4 Vulpeculae

Observation data Epoch J2000 Equinox ICRS
- Constellation: Vulpecula
- Right ascension: 19^{h} 25^{m} 28.6030^{s}
- Declination: +19° 47′ 54.060″
- Apparent magnitude (V): 5.16

Characteristics
- Evolutionary stage: red clump
- Spectral type: K0 III
- B−V color index: +0.980

Astrometry
- Radial velocity (R_{v}): +0.95±0.12 km/s
- Proper motion (μ): RA: +87.392±0.137 mas/yr Dec.: −73.038±0.152 mas/yr
- Parallax (π): 12.5320±0.1008 mas
- Distance: 260 ± 2 ly (79.8 ± 0.6 pc)
- Absolute magnitude (M_{V}): +0.54

Details
- Mass: 1.72 M_{☉}
- Radius: 11.42 R_{☉}
- Luminosity: 67.6 L_{☉}
- Surface gravity (log g): 3.01 cgs
- Temperature: 4,763±26 K
- Metallicity [Fe/H]: −0.20 dex
- Rotational velocity (v sin i): 2.9 km/s
- Age: 2.63 Gyr
- Other designations: 4 Vul, BD+19°4010, HD 182762, HIP 95498, HR 7385, SAO 104818, WDS J19255+1948A, Gaia DR2 4515855716012824704

Database references
- SIMBAD: data

= 4 Vulpeculae =

Star in the constellation Vulpecula

4 Vulpeculae is a single, orange-hued star in the northern constellation of Vulpecula.
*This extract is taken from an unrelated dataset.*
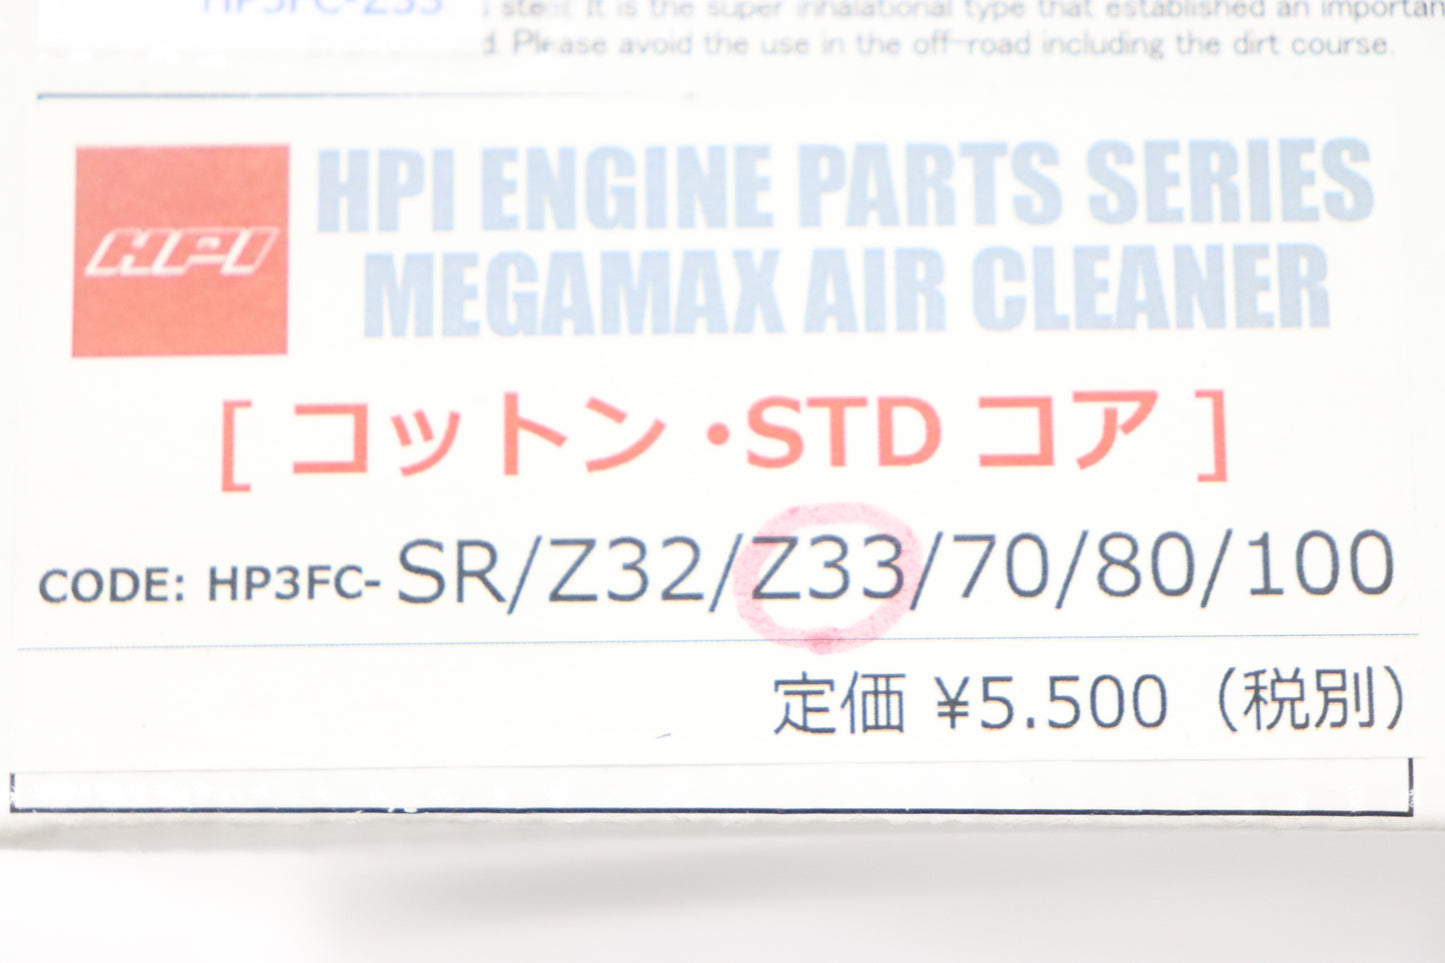 HPI Megamax Air Cleaner Cotton Z33 Air Flow Standard Core ##178122292

It forms part of the asterism, formerly thought to be an open cluster, called the coathanger or Brocchi's Cluster. The star is faintly visible to the naked eye with an apparent visual magnitude of 5.16. The distance to this star, based upon an annual parallax shift of 12.5320±0.1008 mas, is around 260 light years.

At the age of about 2.6 billion years old, this is an aging giant star with a stellar classification of K0 III, having exhausted the supply of hydrogen at its core and evolved off the main sequence. It is now a red clump giant, indicating that it is on the horizontal branch and is generating energy through the fusion of helium at its core. The star has an estimated 1.72 times the mass of the Sun and has expanded to 11.42 times the Sun's radius. It is radiating 67.6 times the Sun's luminosity from its enlarged photosphere at an effective temperature of 4,763 K.